Goal of the exercise =>
Starting at the line that contains "Cleo + Wolf Women's Butterfly Cropped Cami" and stopping after the line that contains "Hyde Park Flats, some", transcribe the listing below exactly; do not include any pictures.

Data for this exercise =>
+ + +

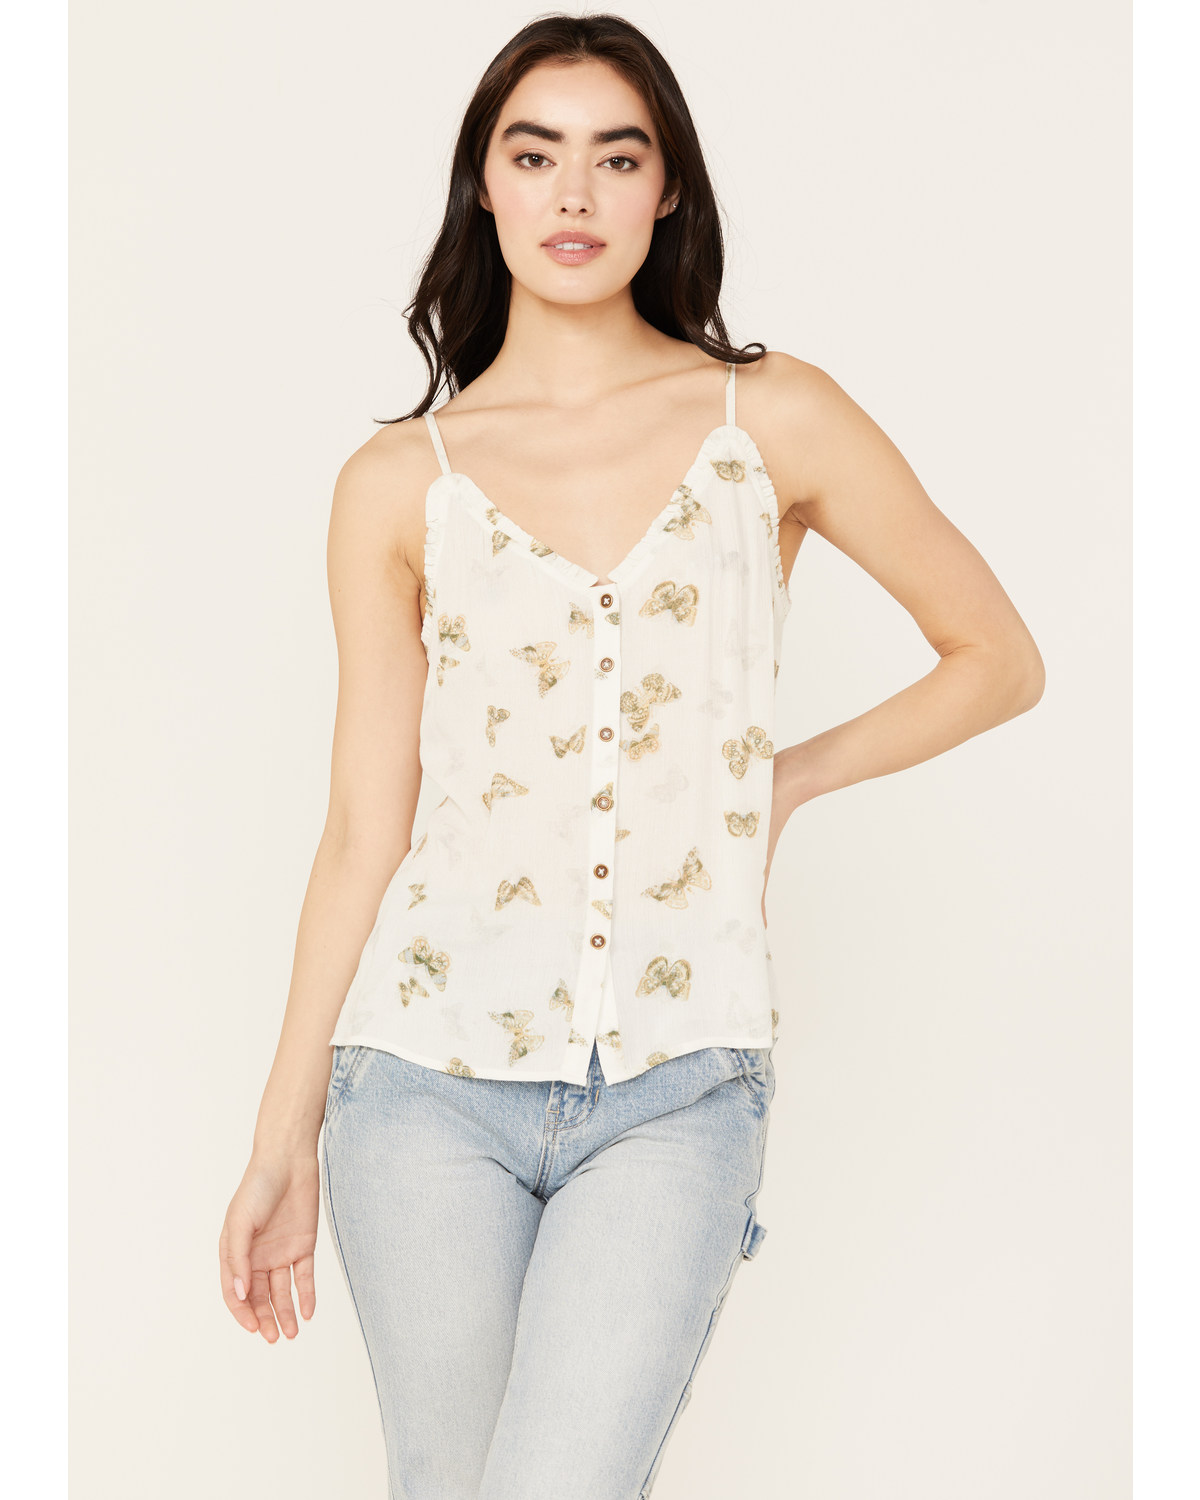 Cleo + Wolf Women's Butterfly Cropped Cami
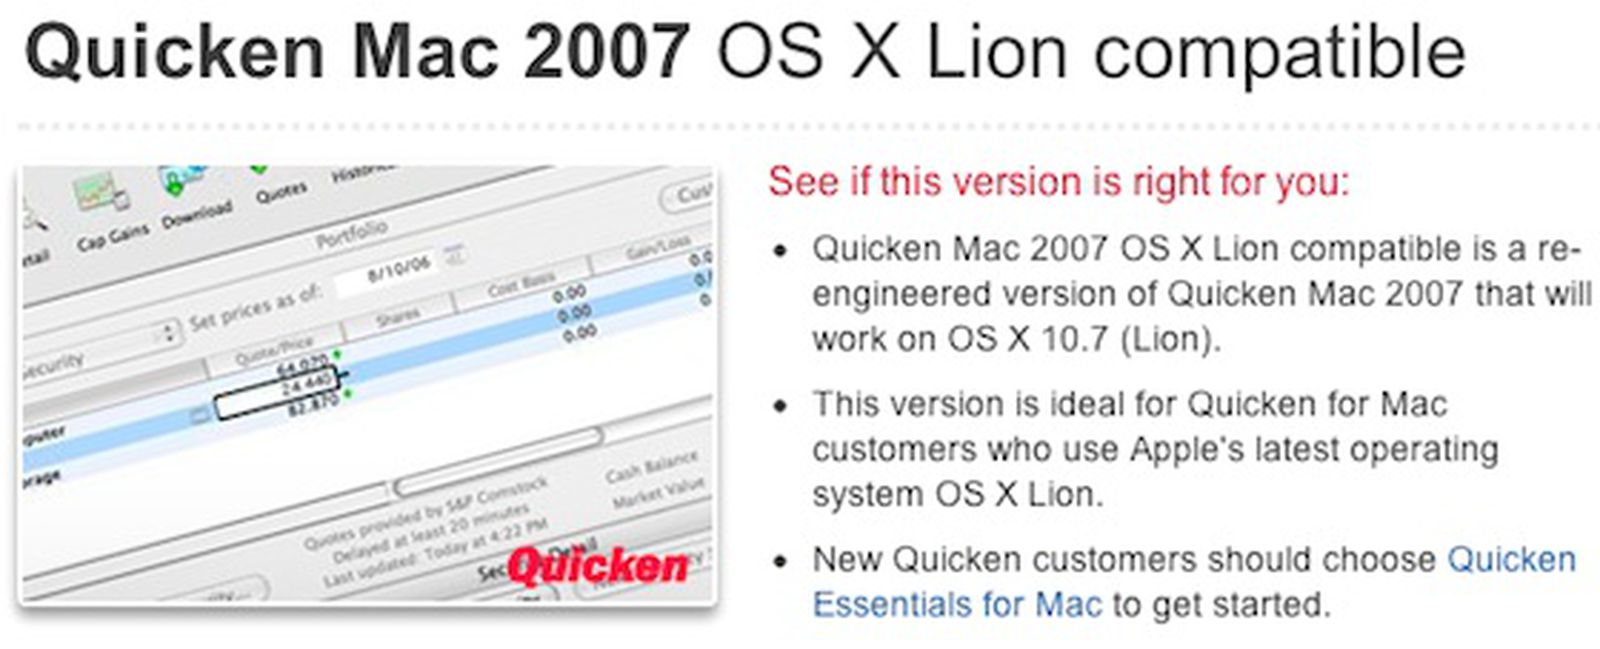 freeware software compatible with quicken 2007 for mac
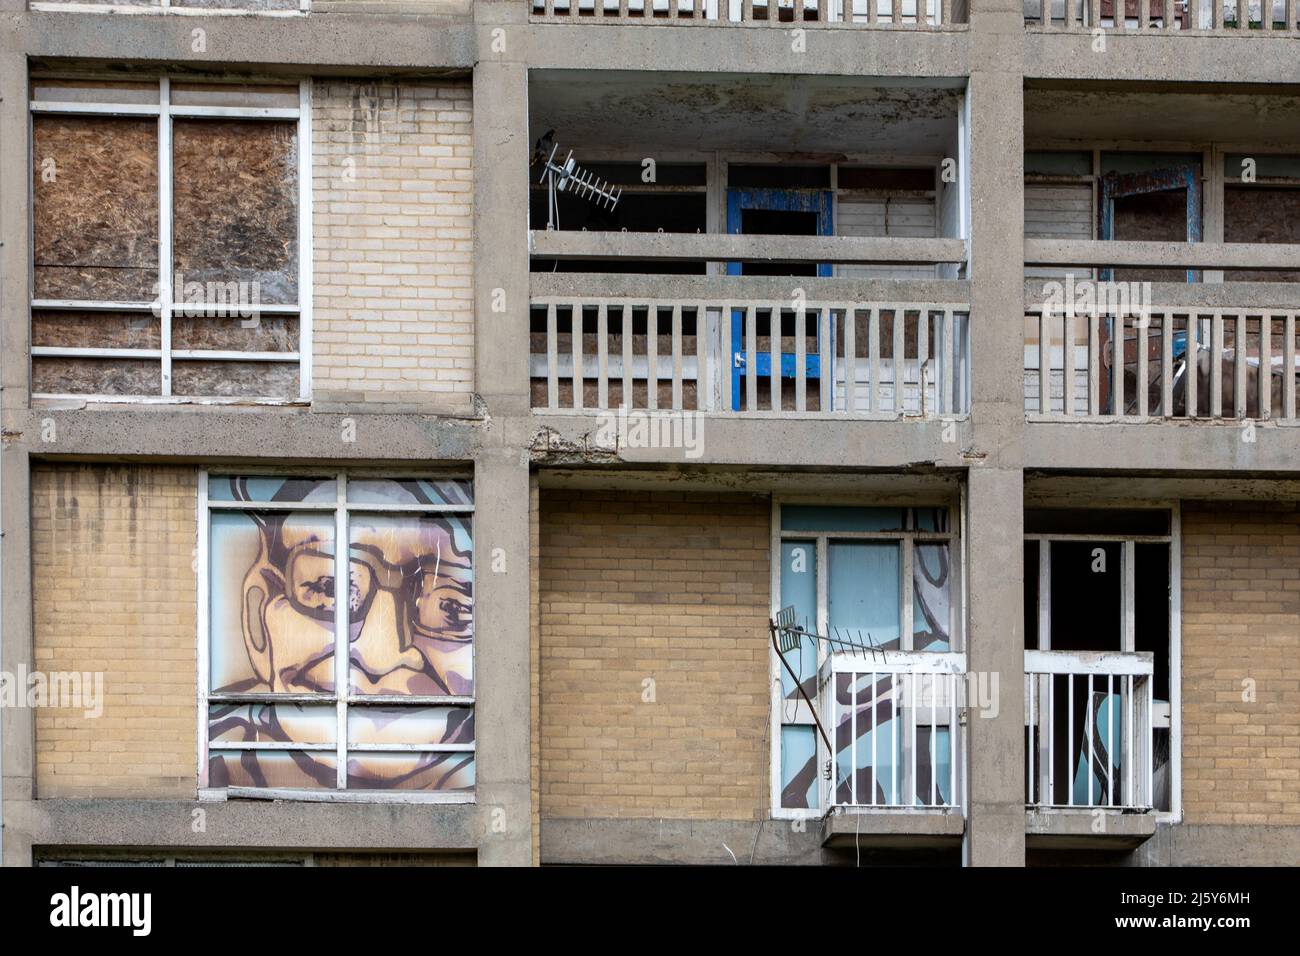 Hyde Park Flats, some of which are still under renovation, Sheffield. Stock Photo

+ + +

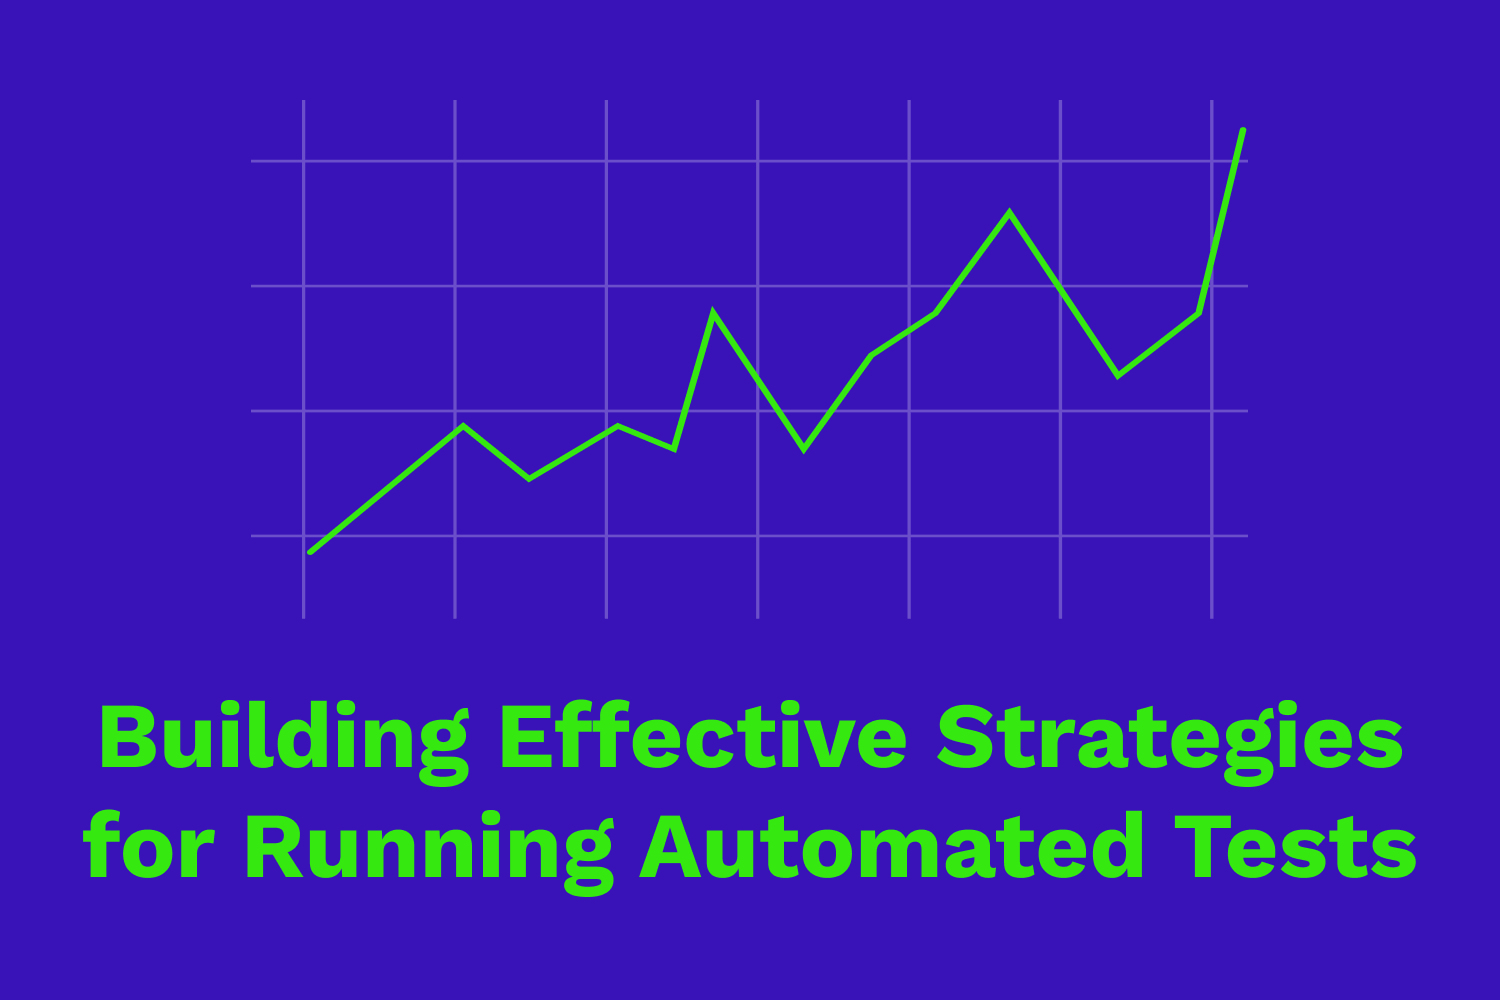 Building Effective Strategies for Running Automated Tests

+ + +

Answer box =>
 Cleo + Wolf Women's Butterfly Cropped Cami
 freeware software compatible with quicken 2007 for mac
 Hyde Park Flats, some of which are still under renovation, Sheffield. Stock Photo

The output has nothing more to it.